Был майский день 1717 года. Графиня де Вильнев-Карамей, переодевшись в наряд пейзанки, прогуливалась по окрестностям Санлиса. Держалась она настолько просто, что никто не признал бы в ней супругу одного из ближайших друзей регента Филиппа Орлеанского.

Она была необыкновенно хороша: длинные темные волосы, фиалковые глаза. В свой великолепный замок Мортфонтен она удалилась добровольно. Супруг ее, Амедей де Вильнев-Карамей, некогда безумно влюбленный в прекрасную жену, быстро охладел к ней, когда она ждала сына Адриана, и предпочитал проводить время в веселых шумных попойках в Пале-Ройяле.

Даже если Максимильена и была привязана к графу, это чувство испарилось бесследно, уступив место покорному равнодушию. Молодой женщине казалось, что в двадцать два года жизнь уже закончилась. Конечно, у нее был Адриан, но с двухлетним малышом она не могла поделиться своими горестями. Одиночество тяготило ее.

– Ищи же, Нерон!

Чем дальше она углублялась в лес, тем отчетливее доносился зов о помощи, сопровождаемый крепкими ругательствами.

«Наверное, покалечился какой-нибудь дровосек», – подумала Максимильена.

Но она ошиблась. Под высоким дубом лежал, держась за ногу, незнакомец. В нескольких шагах от него лежала лошадь. Максимильена застыла в изумлении. Мужчина выглядел настоящим гигантом; на нем был простой серый камзол без жабо и манжет. Черные глаза на выразительном лице смотрели на молодую женщину властно и изучающе. Он был изумительно красив.

– Помоги мне подняться, малютка! – произнес раненый. – Эта чертова лошадь споткнулась, и я разбил себе колено!
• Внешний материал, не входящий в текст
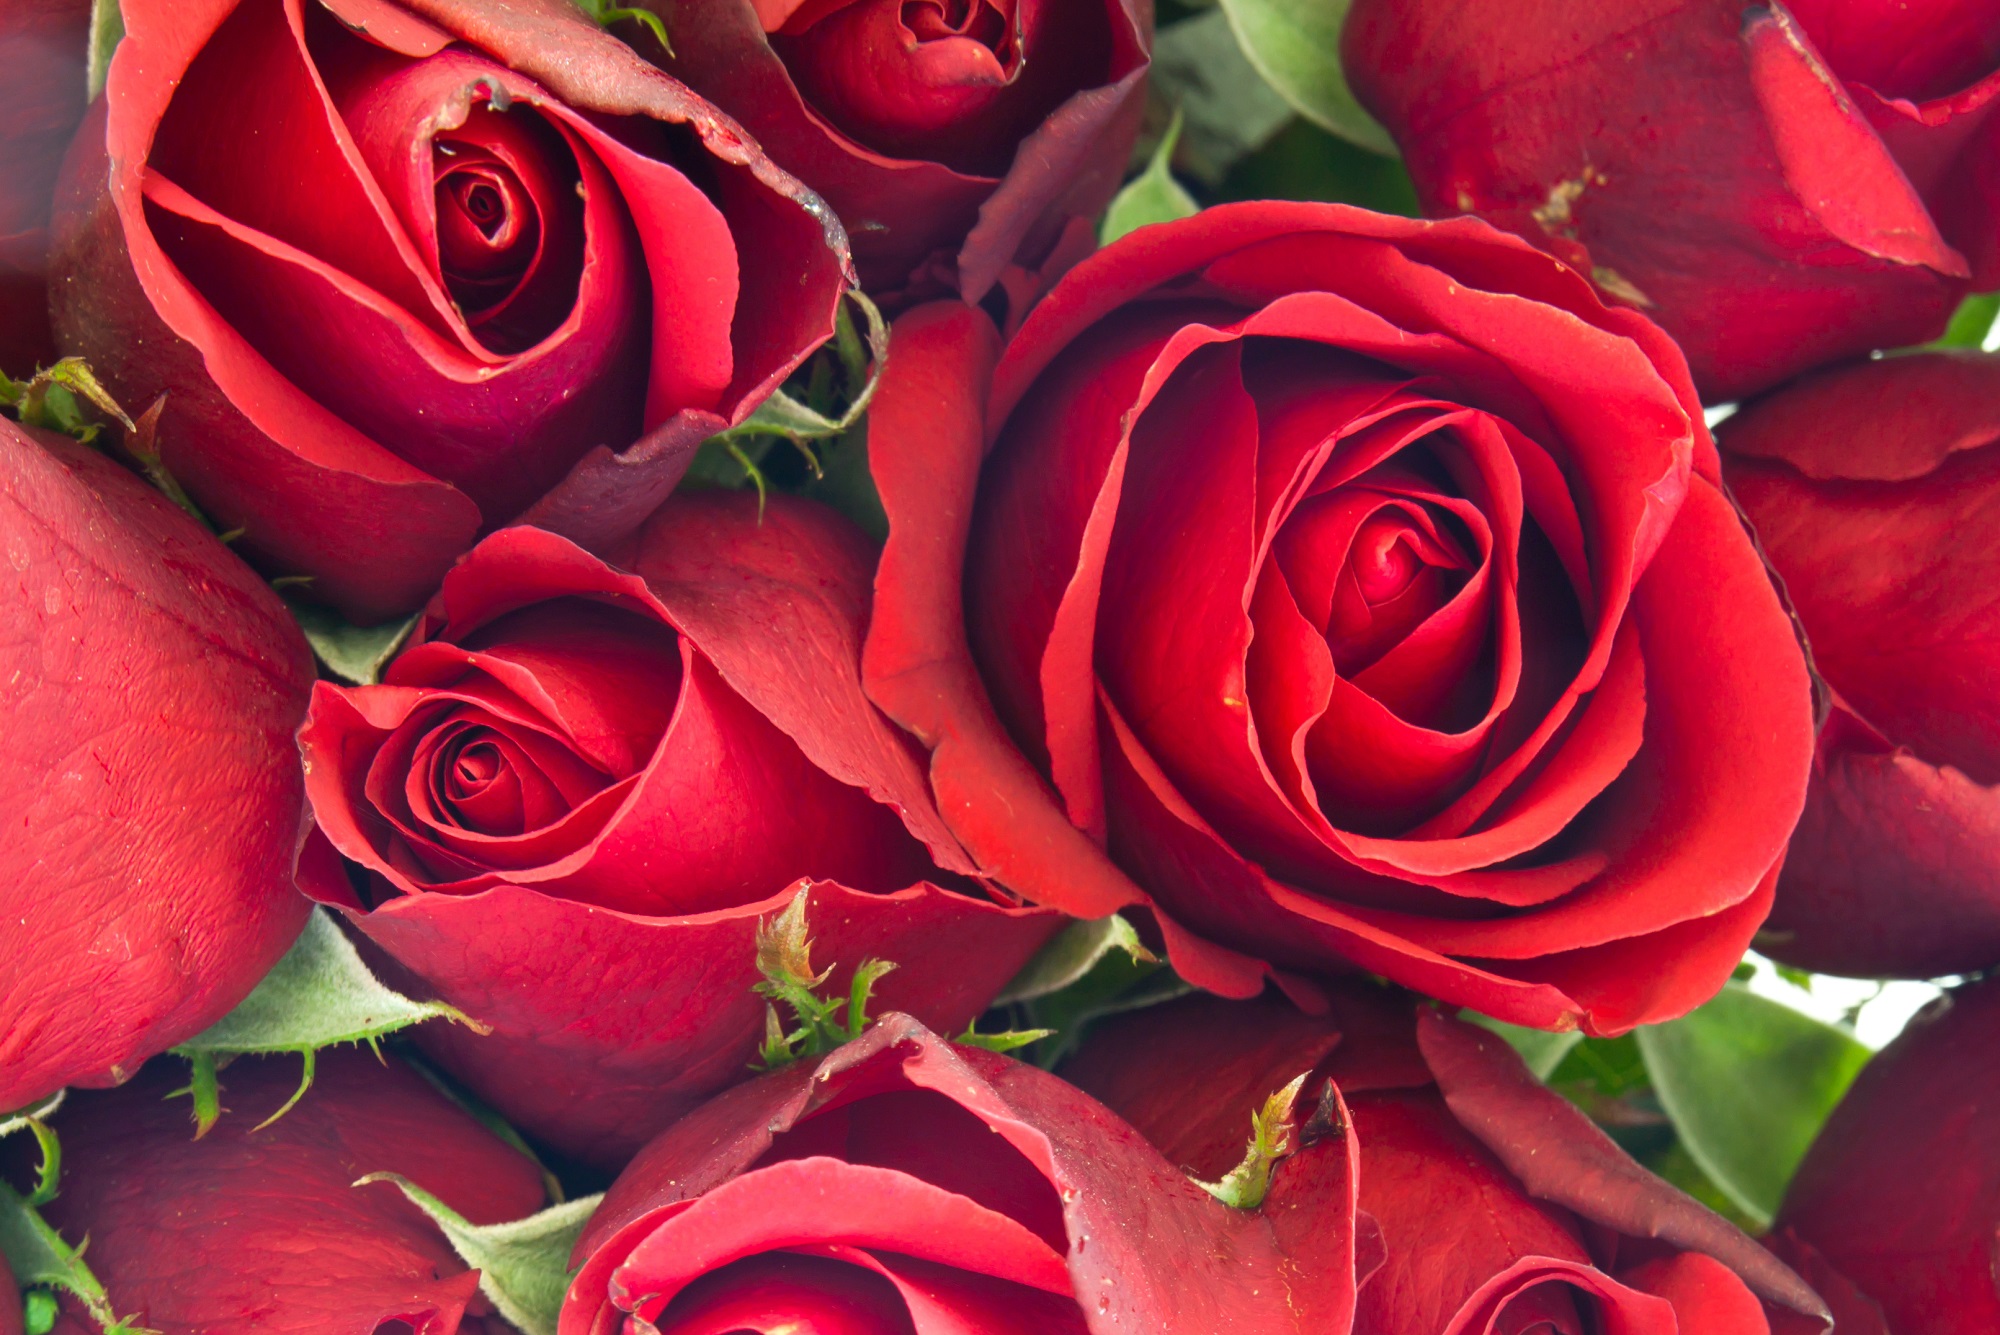 Hoa hồng đỏ là một biểu tượng quen thuộc của lễ Valentine. Hãy xem hình ảnh liên quan để chiêm ngưỡng vẻ đẹp đặc biệt của loài hoa này và để cảm nhận được tình yêu và sự ngọt ngào mà nó đại diện.

Максимильена безмолвно подчинилась. На лице незнакомца появилось подобие улыбки.

– Благодарю тебя, малютка. Только Богу известно, сколько бы я еще проторчал в этом проклятом лесу, если бы не ты!

Максимильена позволила мужчине опереться о плечо, и они двинулись в путь. Внезапно молодую женщину охватило ощущение безграничного счастья, она сама не могла понять почему. Робея, она все же спросила:

– Кто вы? Как вас зовут?

– Экая ты любопытная, – сказал незнакомец смеясь. – Меня зовут… меня зовут барон Пьер Михайлов[1]1
  В романе, действие которого происходит во Франции и в России, автор использует множество реалий русской жизни – большей частью удачно, но иногда не совсем к месту. В переводе сохранены эти особенности авторского стиля. – Прим. пер.


[Закрыть]
. Я в числе прочих послан сюда, чтобы подготовить все к приезду моего господина Петра Великого, царя Московии. Собственно, я служу ему толмачом. Что ты скажешь о моем произношении, малютка?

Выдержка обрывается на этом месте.